Aging-dependent generation of suppressive CD4+CD25-R123loCD103+ T cells in mice

Advancing age is associated with significant alterations in immune functions, including a decline in CD4 T cell function, in both mice and humans. In our previous report, we showed that CD4(+)CD25(-) T cells in aged (24-month-old) mice, especially after in vitro pre-stimulation of these cells, exhibit hyporesponsive and suppressive properties. We examined here whether the suppressive activity of aged CD4(+)CD25(-) T cells is ascribable to a particular population within these cells. In vitro analyses revealed that cell populations rapidly extruding Rhodamine-123 (R123) (referred to as R123(lo) cells) in aged CD4(+)CD25(-) T cells have a more potent suppressive function compared with R123(hi) populations.In addition, CD103(+) cells in freshly prepared aged CD4(+)CD25(-)R123(lo) T cells had a most potent suppressive activity.

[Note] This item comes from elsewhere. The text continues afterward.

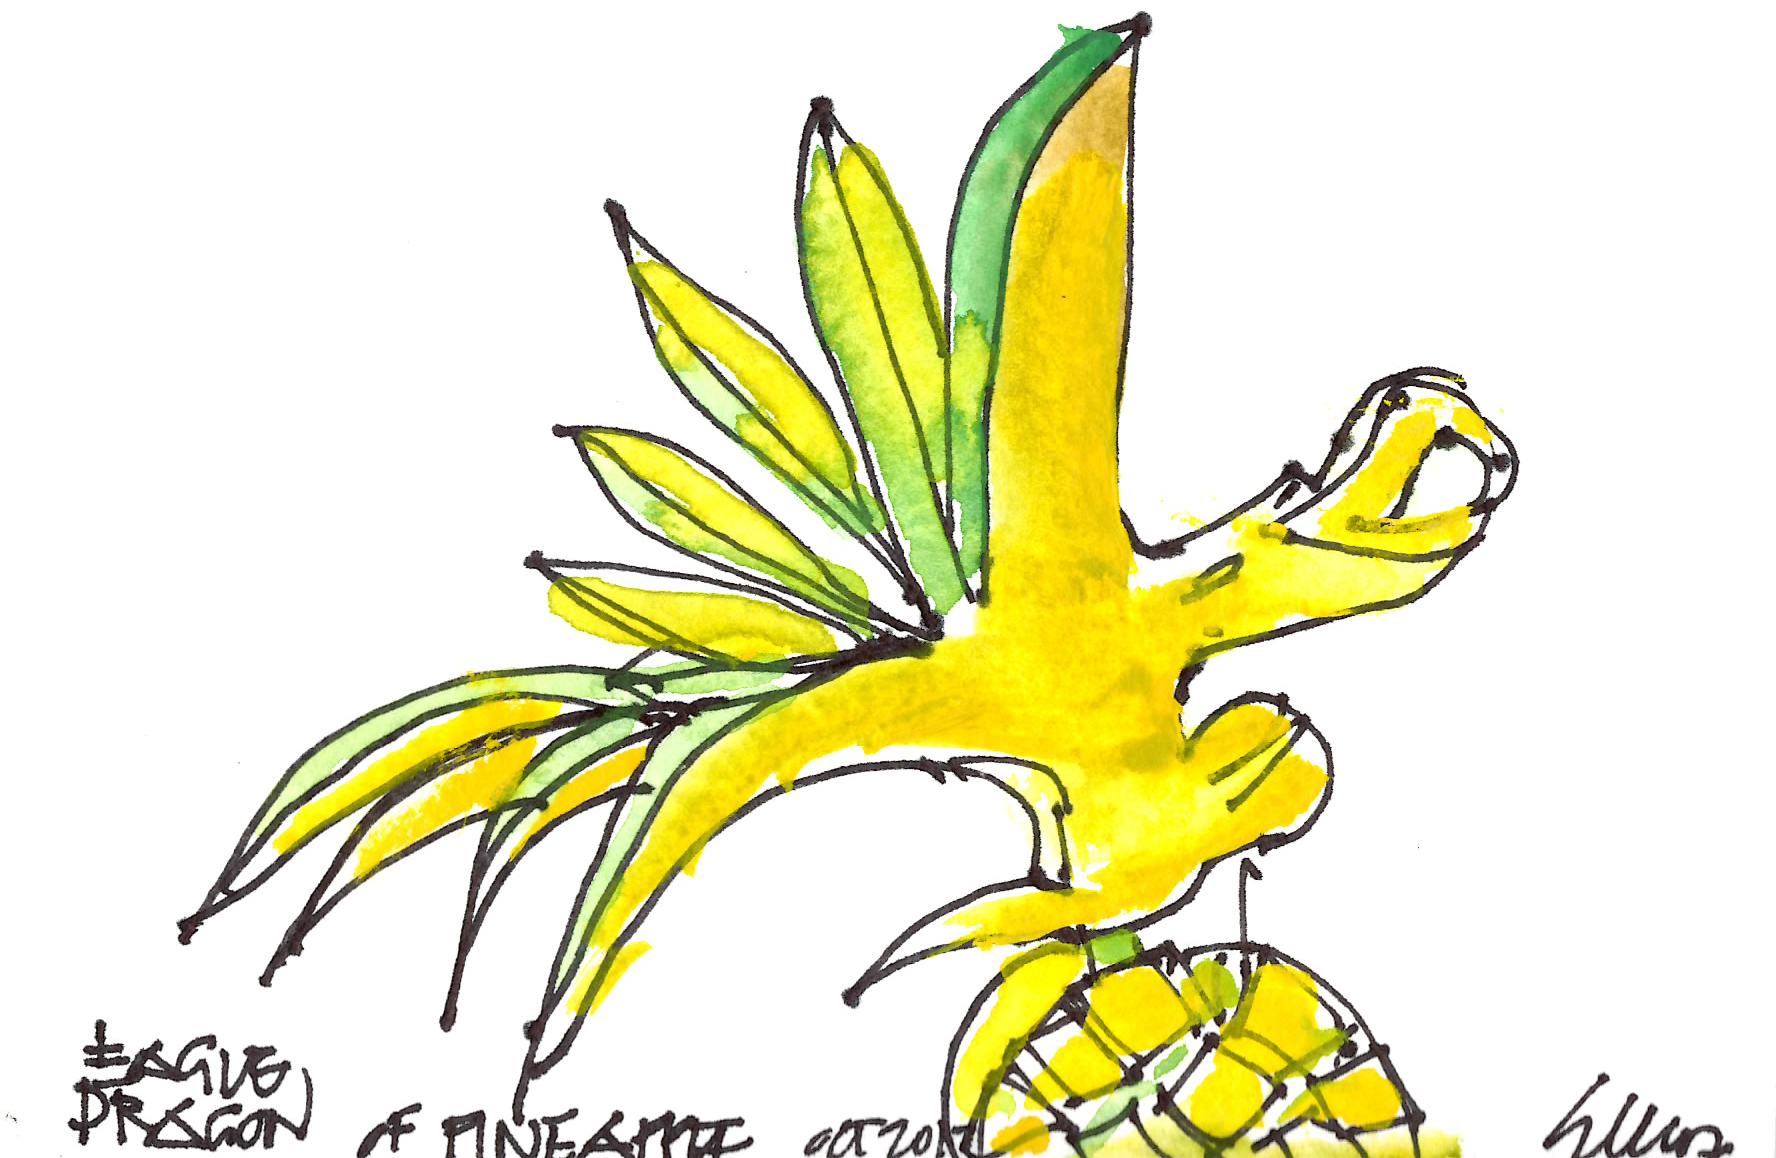  eagle dragon of pineapple 10.13

Both R123(hi) and R123(lo) populations had individually stronger suppressive activity after pre-stimulation than before pre-stimulation. Furthermore, the R123(lo) population in young CD4(+)CD25(-) T cells also had different properties from R123(hi) T cells: low responsiveness, no additive effect in proliferation assays, and the gain of a suppressive function after in vitro pre-stimulation. Taken together, these results suggest that CD4(+)CD25(-)R123(lo) T cells are a unique population within whole CD4(+)CD25(-) T cells. This population exists in the early stage of the life span, and the properties in this population become obvious with aging, that is the gain of their suppressive activity.